§ EXERCISE REQUIREMENTS
In the entries below, find the line with "Beyond Parking Management" and the line with "FIFA 19 The Journey: Champions". Repeat exactly everything between them, those two lines included, but not the pictures.

§ DATASET ENTRIES
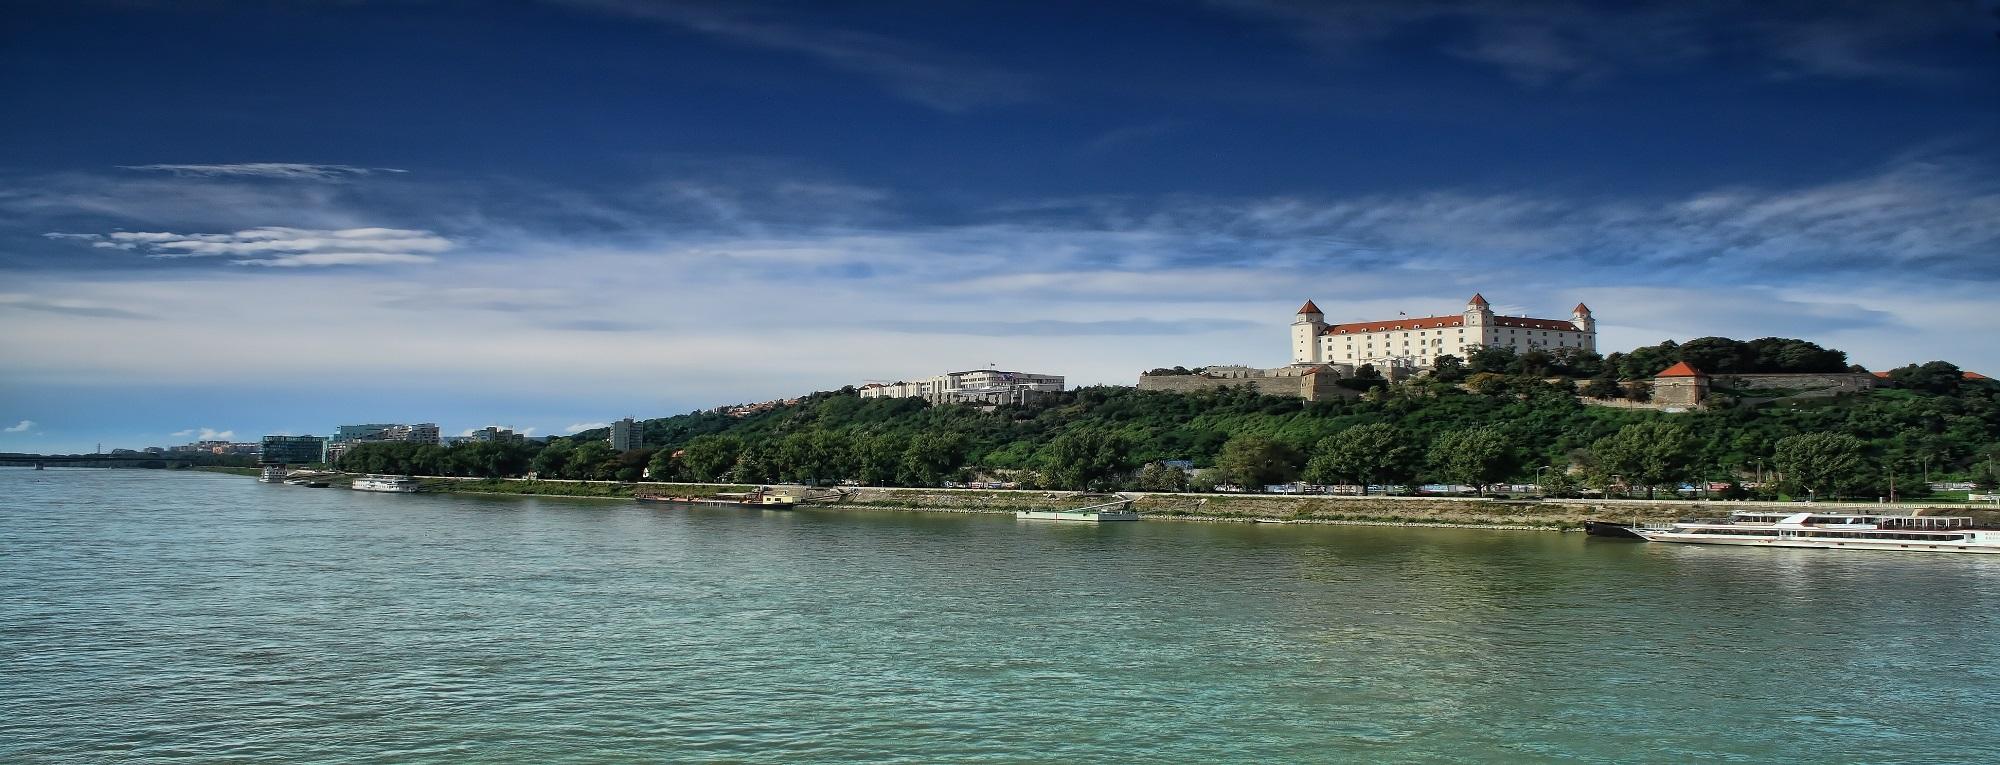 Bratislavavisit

* * *

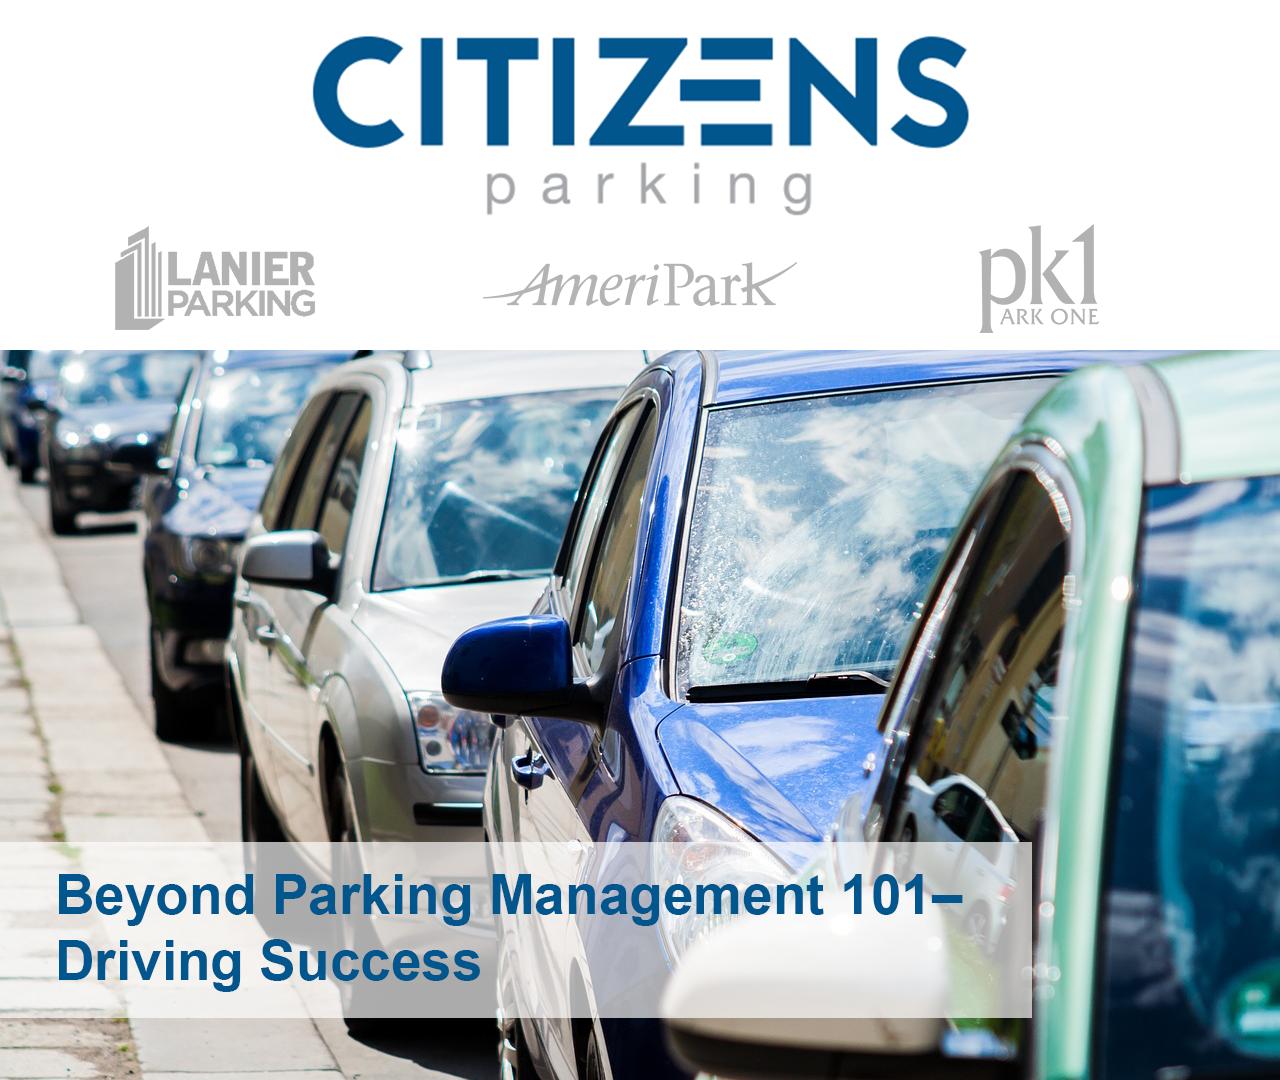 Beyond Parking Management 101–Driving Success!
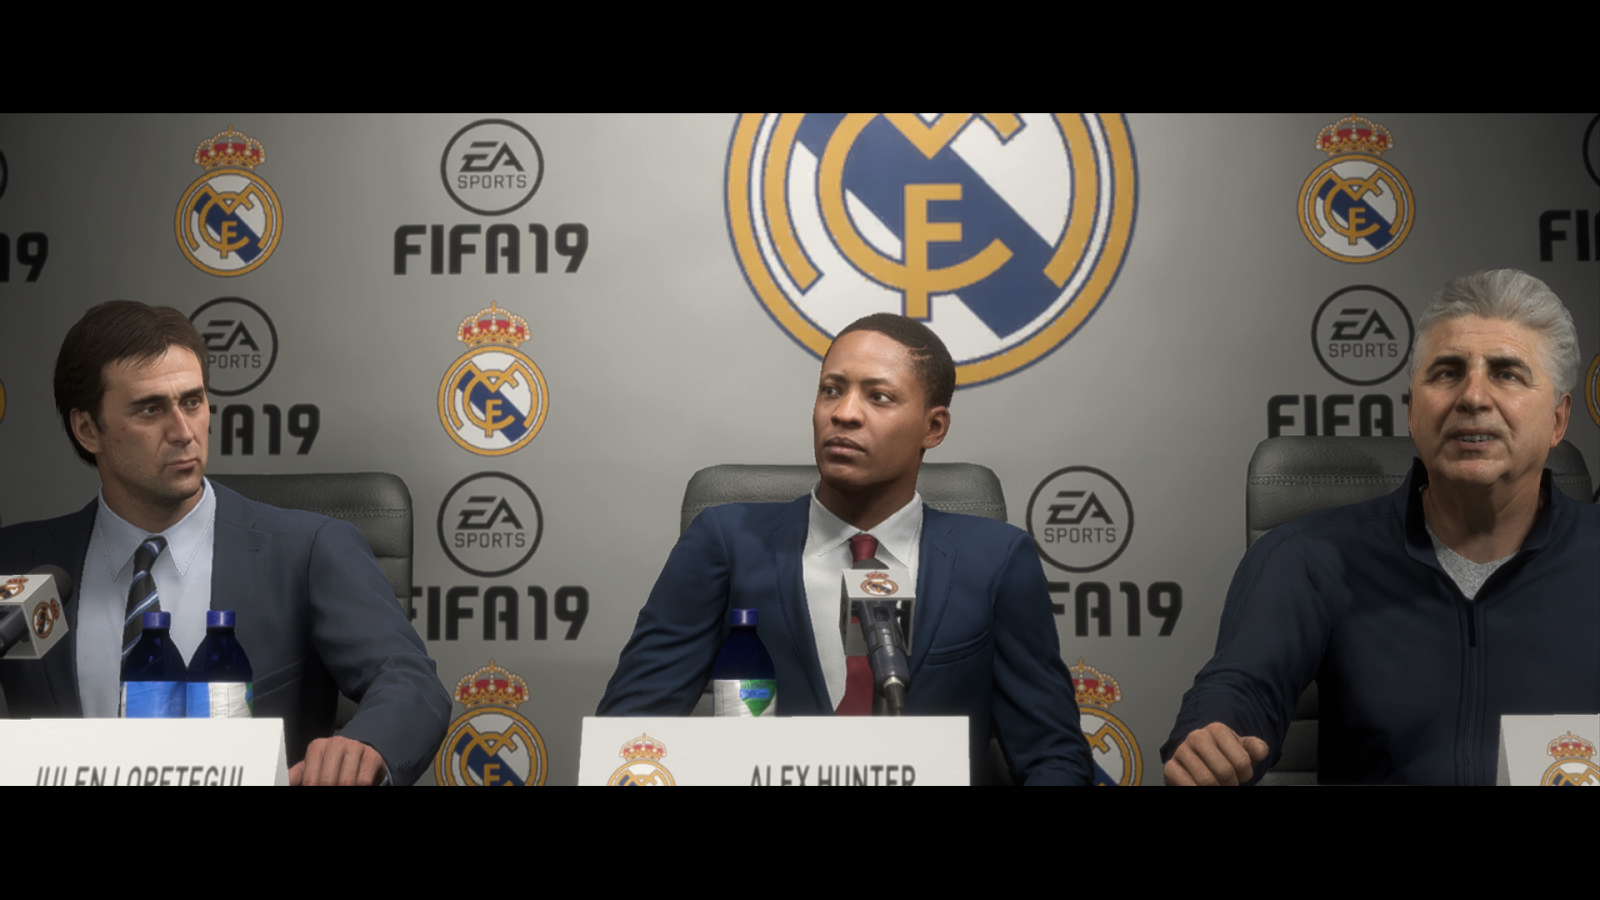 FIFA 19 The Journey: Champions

§ OUTPUT OF THE EXERCISE
 Beyond Parking Management 101–Driving Success!
 FIFA 19 The Journey: Champions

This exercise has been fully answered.